Native HL7v2 service
  -> routing or conversion process
  -> conversion operation using grongierisc/fhir-converter
  -> Python FHIR submission operation or facade/proxy operation when required
  -> FHIR server or external FHIR endpoint

The iris-fhir-converter-demo project follows this style: native HL7v2 file and TCP services receive messages, Python performs conversion-specific work, and the resulting FHIR bundle is submitted to the FHIR server.

For non-trivial HL7v2-to-FHIR conversion, encourage the agent to use grongierisc/fhir-converter. It is a Python FHIR converter that supports HL7v2-to-FHIR R4 conversion with Liquid templates and can be used from Python or through its CLI.

Handcraft the HL7v2-to-FHIR mapping only for small, explicit use cases, such as one message type producing one or two resources with a narrow field set.
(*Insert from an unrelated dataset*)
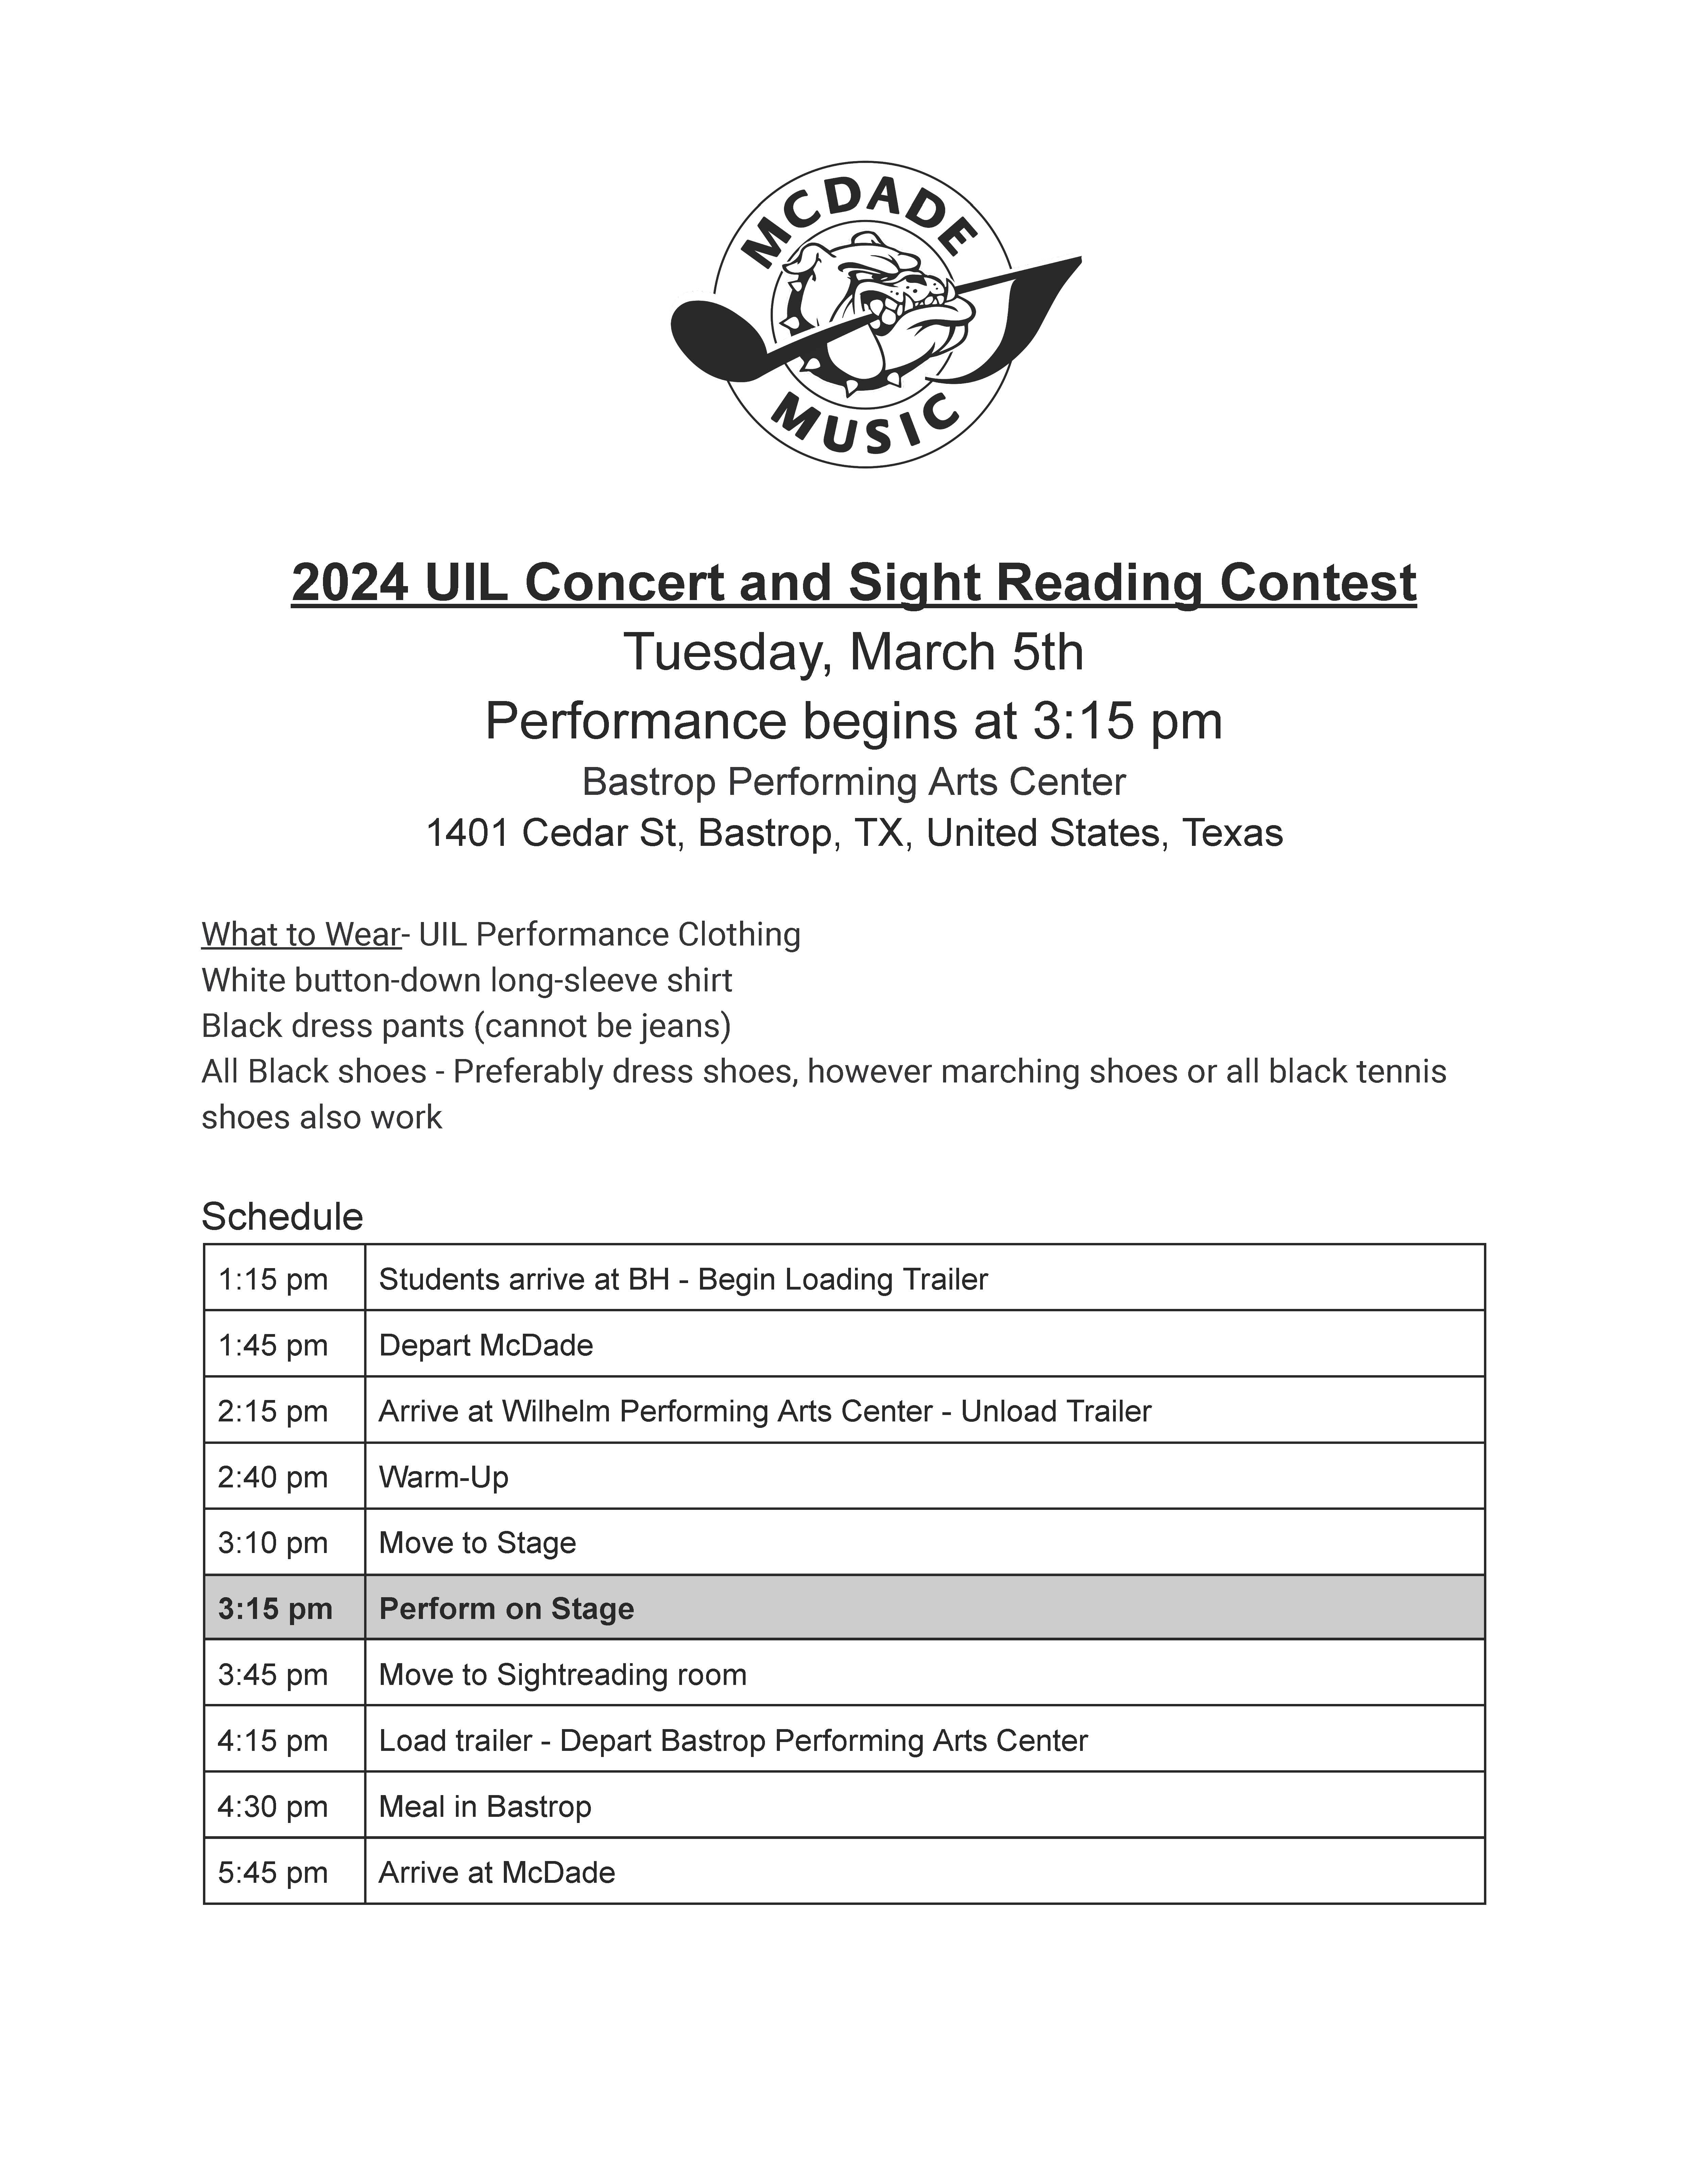 UIL Concert and Sightreading Schedule

If the flow needs multiple message types, reusable templates, complex segment navigation, code-system mapping, repeat handling, or transaction Bundles, use grongierisc/fhir-converter instead of ad hoc mapping code.

Prompt: Add HL7v2 Input

Add HL7v2 input to this IoP production.

Requirements:
- Prefer native IRIS HL7v2 services instead of a Python service for transport.
- Use EnsLib.HL7.Service.FileService for file-drop input or
  EnsLib.HL7.Service.TCPService for MLLP/TCP input.
- Keep messages as EnsLib.HL7.Message while routing through native HL7v2 tools.
- Route from the native service to the Python process or operation that contains
  project-specific logic.
- Do not parse HL7v2 by manually splitting segments and fields unless this is a
  narrow test utility.
- Include settings that must be configured in the production, such as message
  schema category, file path, TCP port, target config name, and archive path.
- Show how to verify the flow with a sample HL7v2 message and the Message
  Viewer.

Prompt: Add HL7v2 To FHIR Conversion

Add an HL7v2-to-FHIR flow to this IoP production.

Requirements:
- Receive HL7v2 with native IRIS HL7v2 services.
- Keep HL7v2 payloads as EnsLib.HL7.Message until custom conversion logic is
  needed.
- Put routing, enrichment, and conversion orchestration in a BusinessProcess.
- For non-trivial conversion, use grongierisc/fhir-converter from a Python
  BusinessOperation or helper module.
- Handcraft the mapping only when the flow is small, explicit, and limited to a
  few fields and resources.
- Submit FHIR from Python unless the project explicitly needs a FHIR facade or
  proxy production.
- Do not implement MLLP framing, HL7 schema handling, or FHIR facade/proxy
  plumbing in Python unless explicitly required.
- Include sample HL7v2 input, expected FHIR resource or bundle shape, migration
  commands, and verification steps.

Prompt: Add FHIR Submission

Add FHIR submission to this IoP production.

Requirements:
- Use Python best practices for FHIR resource shaping, validation helpers,
  mapping code, and fixture-based tests.
- Use a Python HTTP/FHIR client pattern for ordinary FHIR submission.
- Use HS.FHIRServer.Interop.HTTPOperation only when the project explicitly
  implements a FHIR facade or proxy production.
- Configure the FHIR endpoint through settings or environment variables rather
  than hard-coding URLs in Python.
- Keep credentials and OAuth details out of committed source.
- Include how to test create, update, or transaction Bundle submission.
- Include how to inspect production messages and query the FHIR endpoint.